* **WHAT THIS TASK INVOLVES**
Word for word, restate the listing that follows and leave out the images.

* **SUPPLIED MATERIAL**
▼▼▼

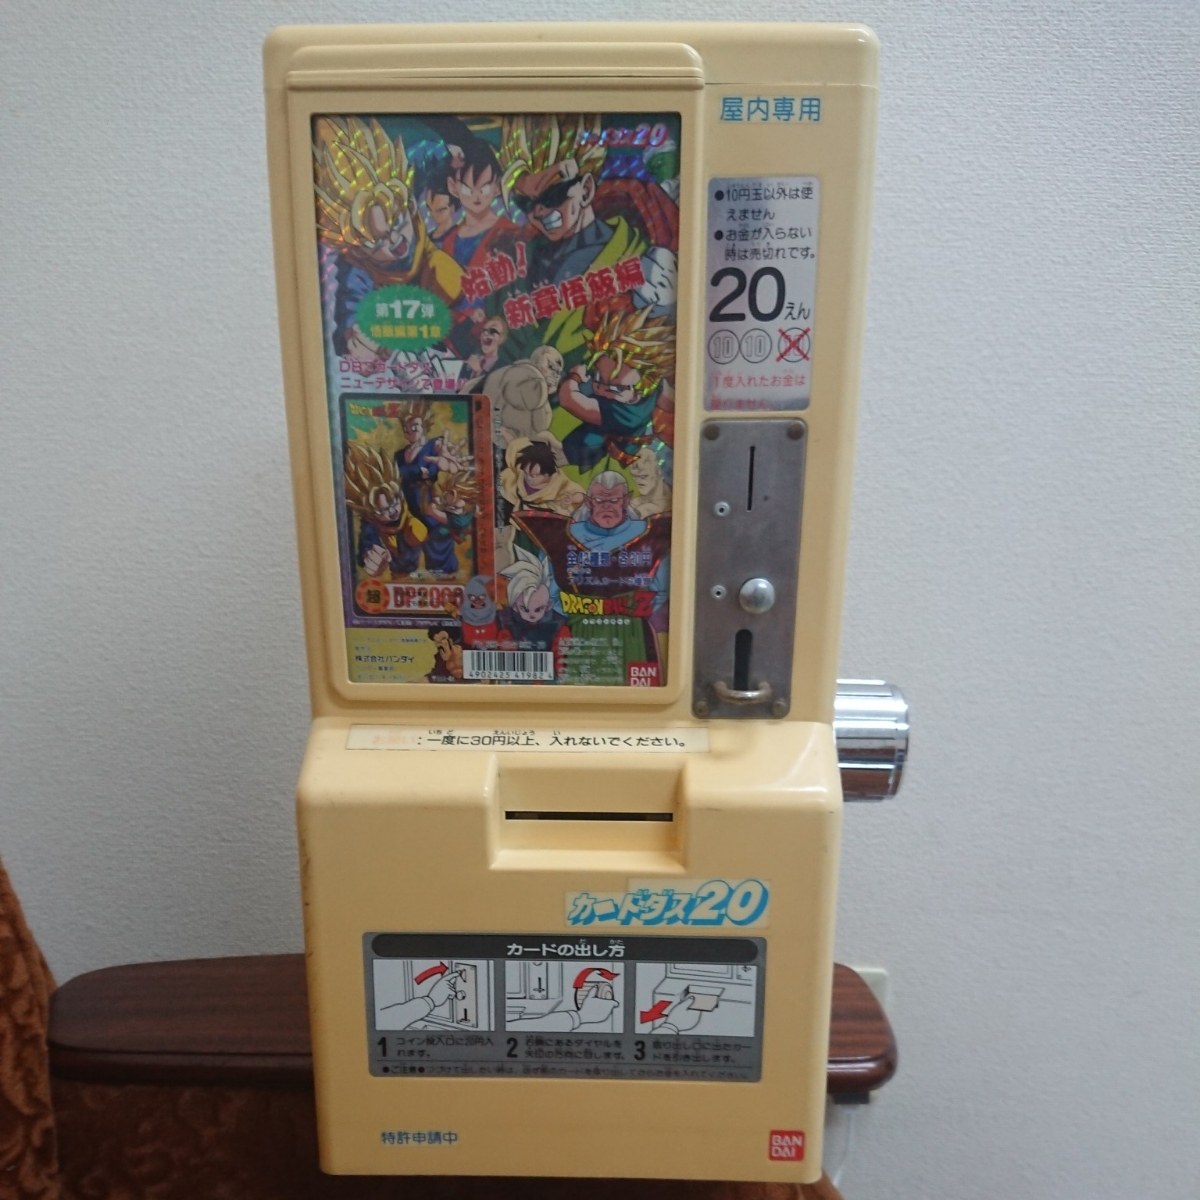 ■1円~ バンダイ カードダス20 1988年製 本体 可動品 台紙は ドラゴンボールZ 第17弾 悟飯第1章 DBZ 発送はゆうパック120
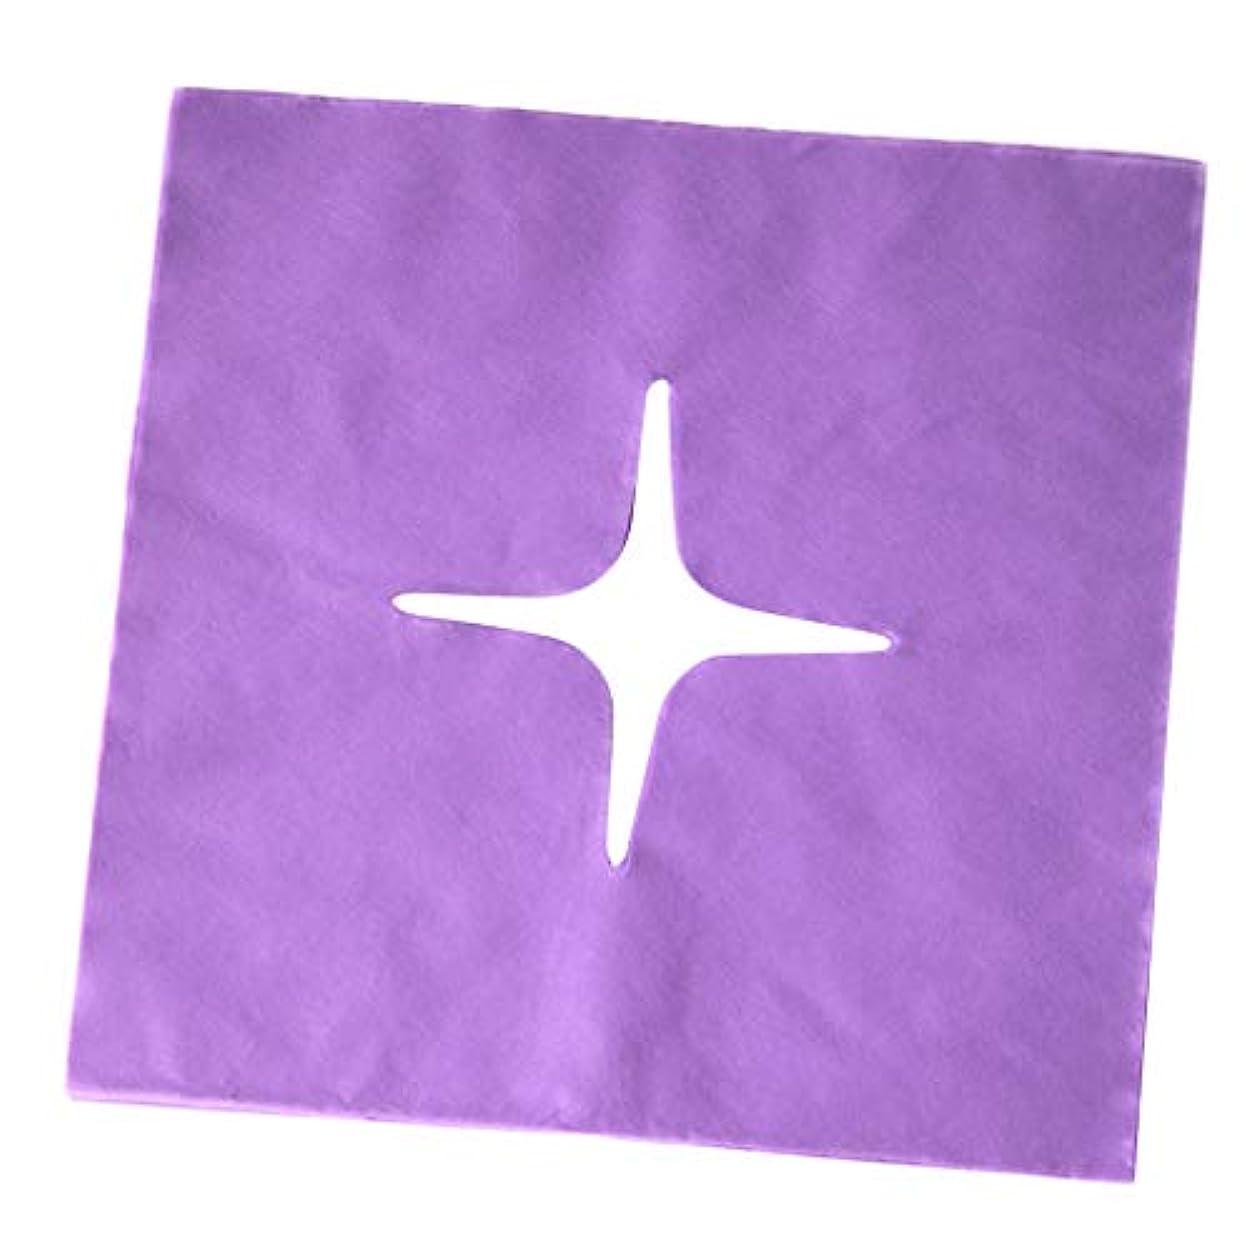 肉何ペストリーchiwanji マッサージ フェイスクレードルカバー スパ用 美容院 ビューティーサロン マッサージサロン 全3色 - 紫の
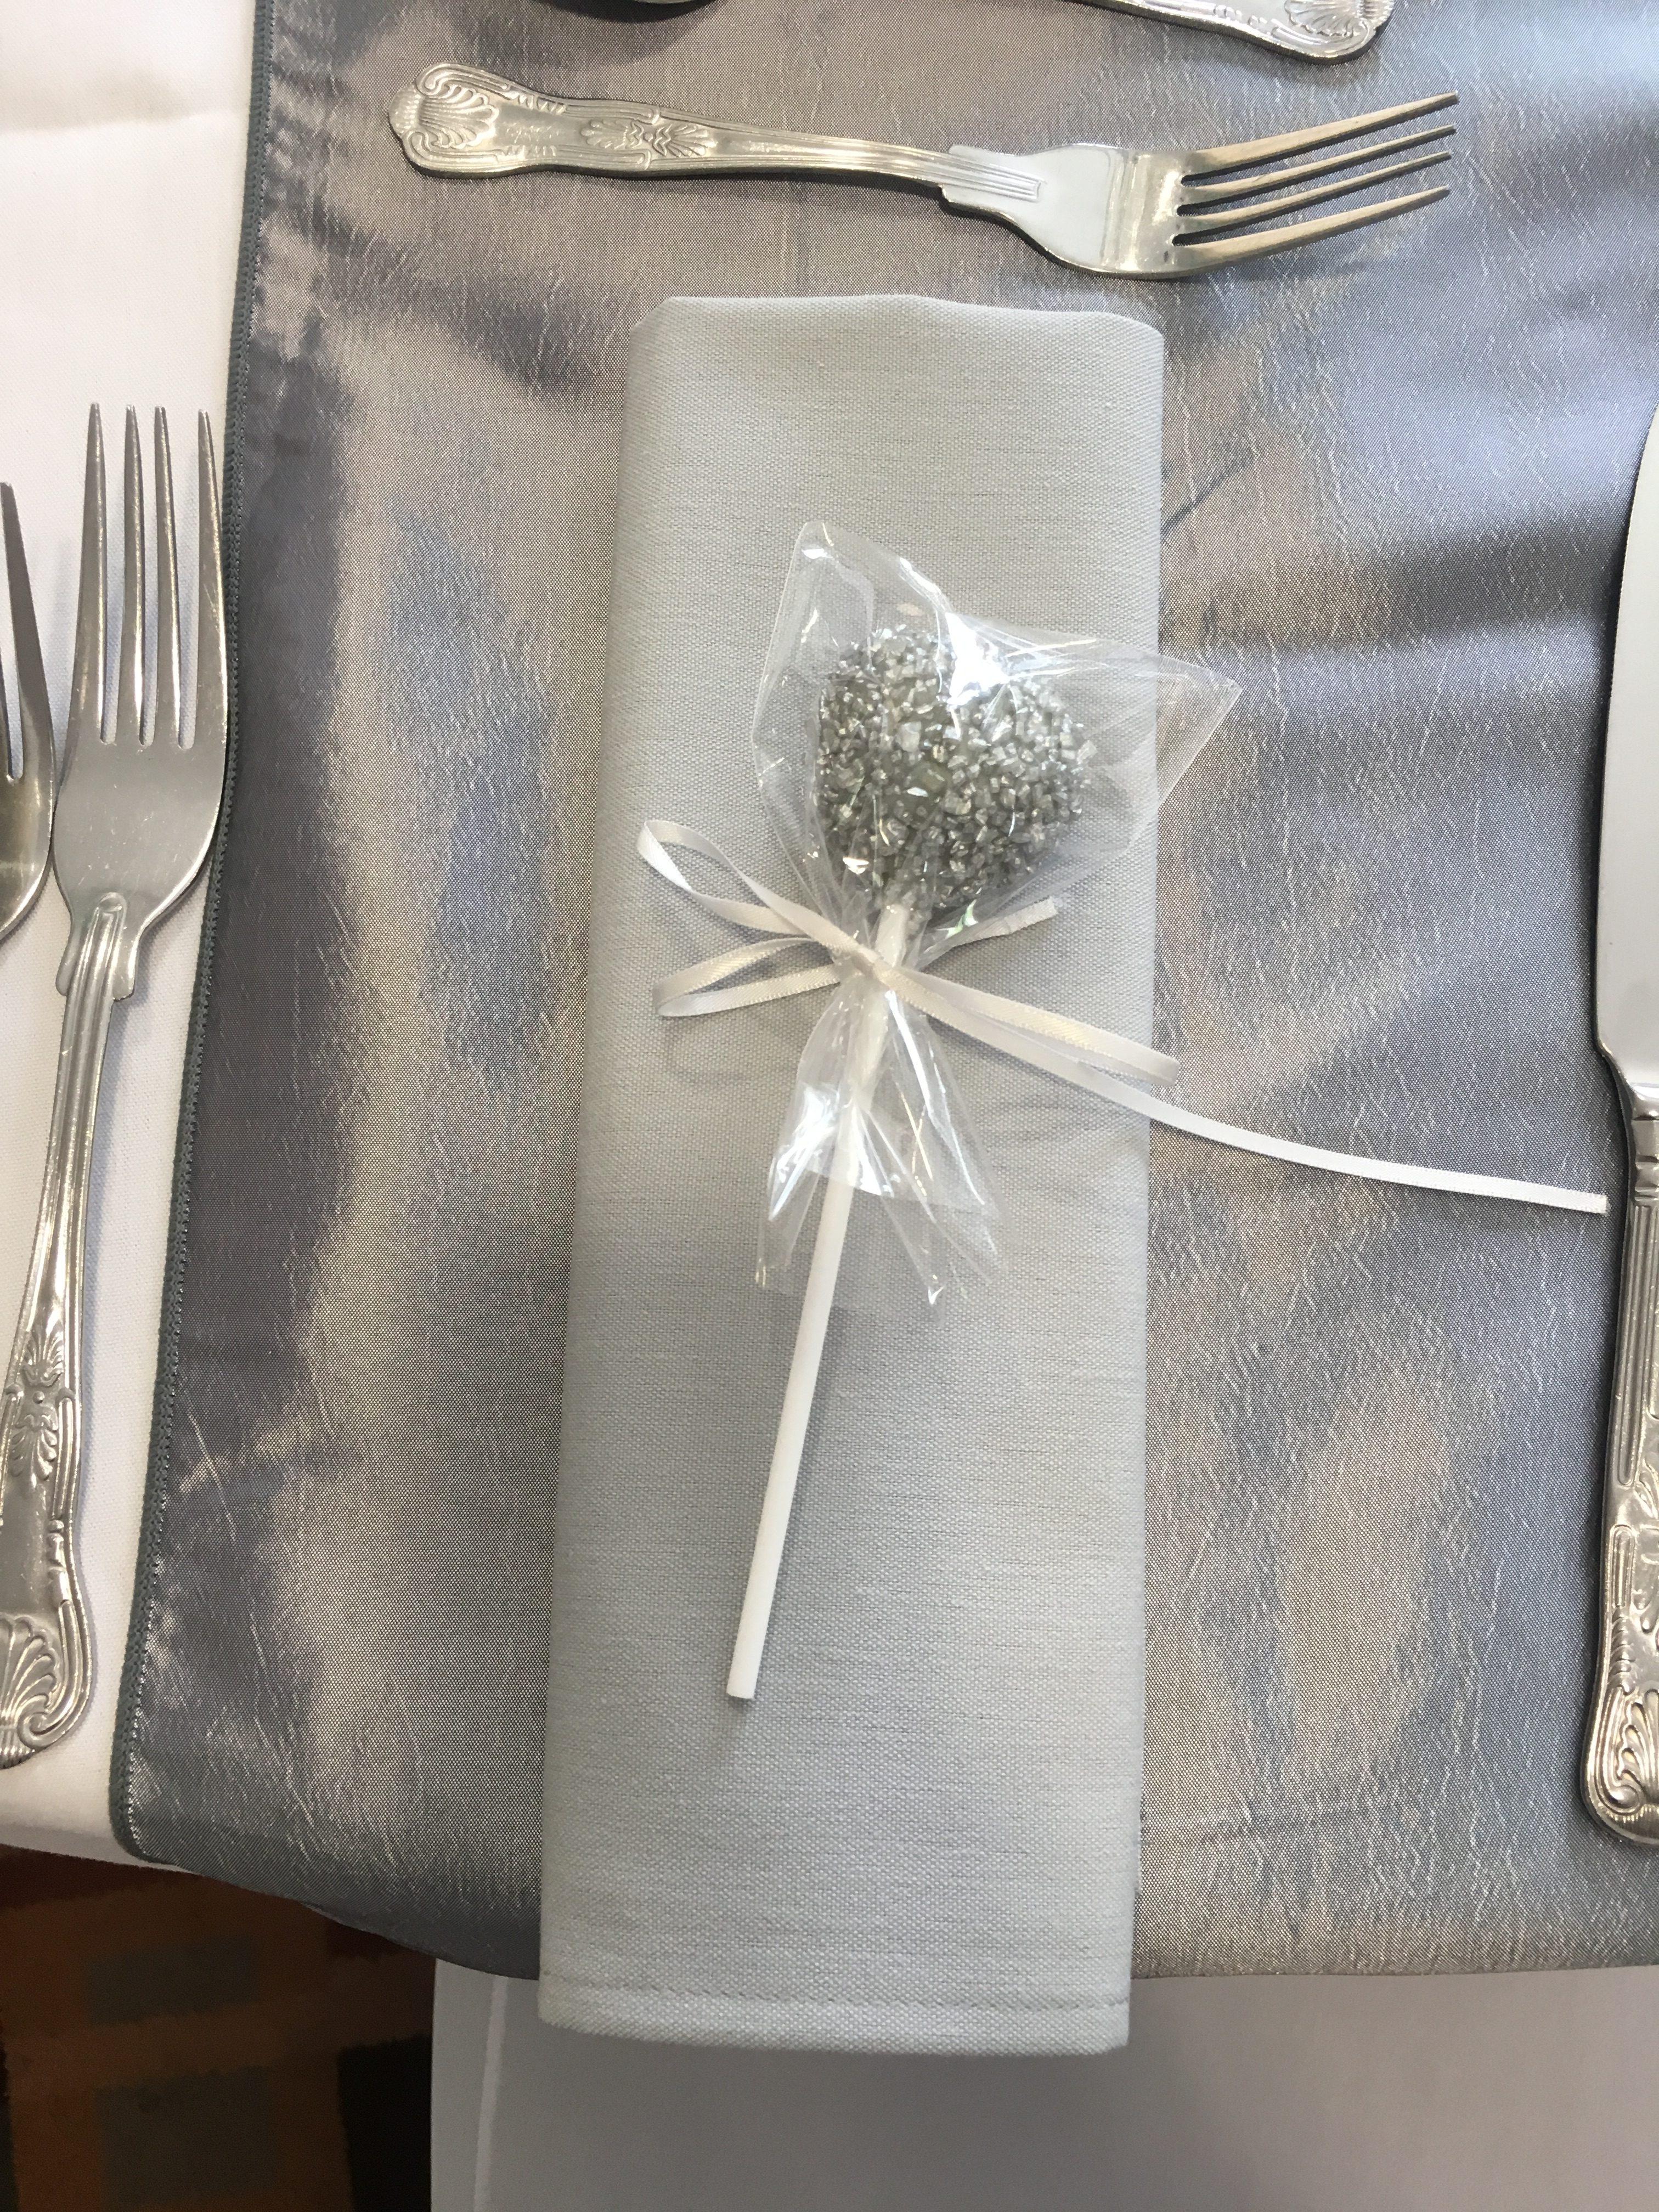 Silver Cake pop Favours Sophia's Final Touch - Venue Styling - Weddings
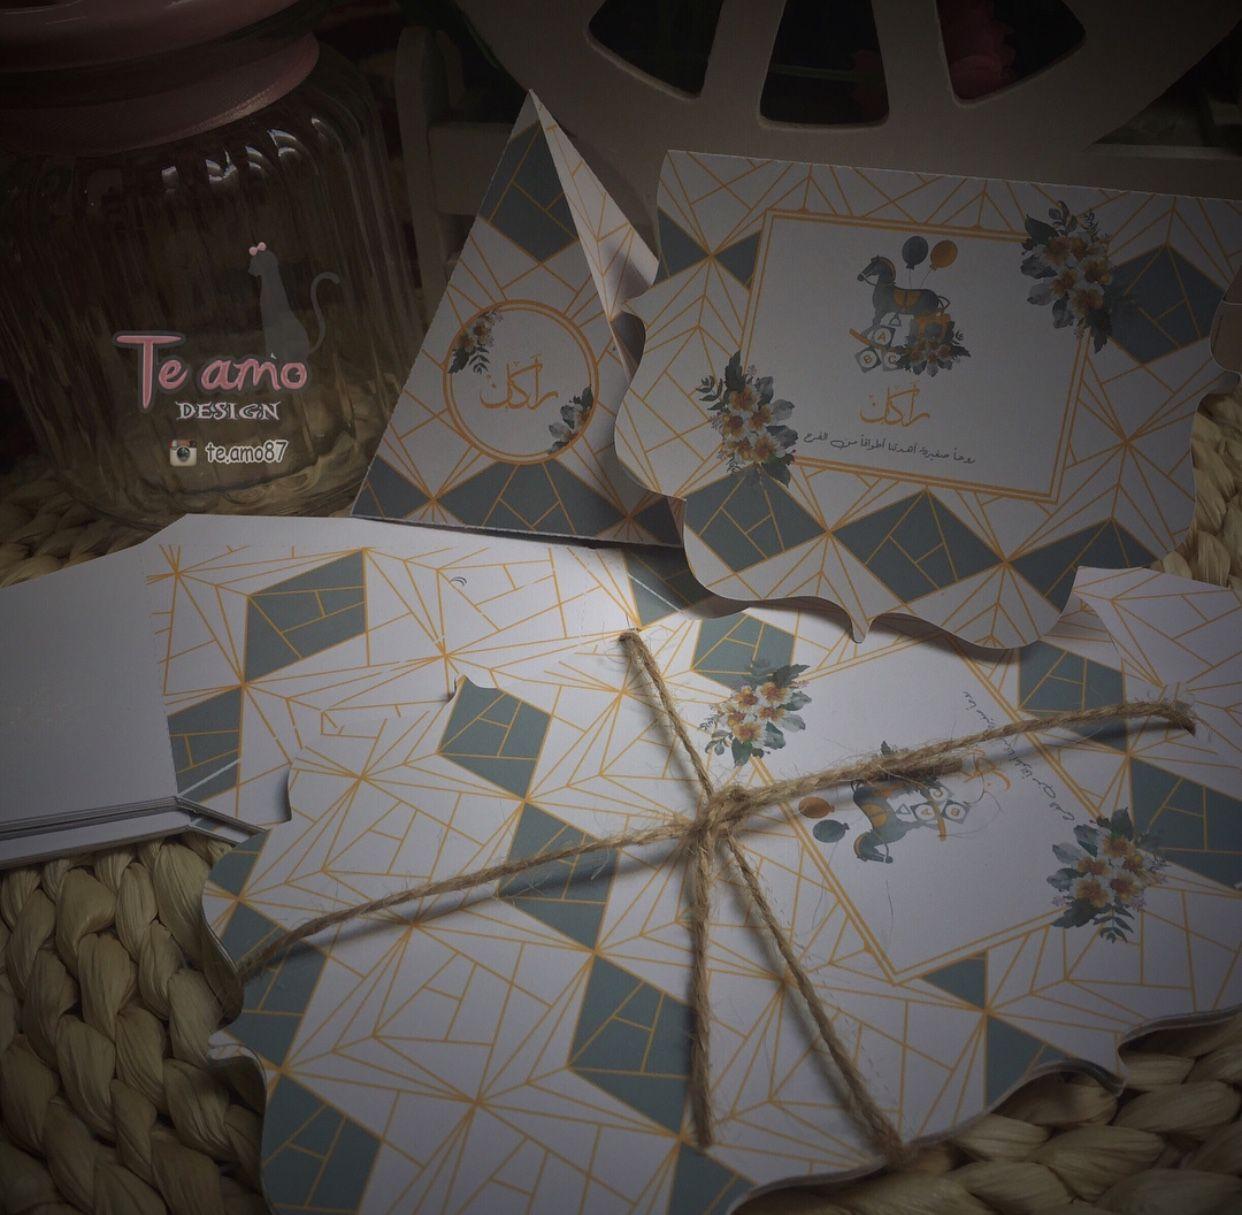 ثيم مولود كرت طاوله علبة توزيعه مثلثه امكانيه اضافه عبارات والوان حسب الطلب وتنفيذه ع علب منديل شوكولاته تغريسات Baby Boy Shower Theme Gift Wrapping

▲▲▲

* **ANSWER TO THE PROBLEM**
 ■1円~ バンダイ カードダス20 1988年製 本体 可動品 台紙は ドラゴンボールZ 第17弾 悟飯第1章 DBZ 発送はゆうパック120
 肉何ペストリーchiwanji マッサージ フェイスクレードルカバー スパ用 美容院 ビューティーサロン マッサージサロン 全3色 - 紫の
 Silver Cake pop Favours Sophia's Final Touch - Venue Styling - Weddings
 ثيم مولود كرت طاوله علبة توزيعه مثلثه امكانيه اضافه عبارات والوان حسب الطلب وتنفيذه ع علب منديل شوكولاته تغريسات Baby Boy Shower Theme Gift Wrapping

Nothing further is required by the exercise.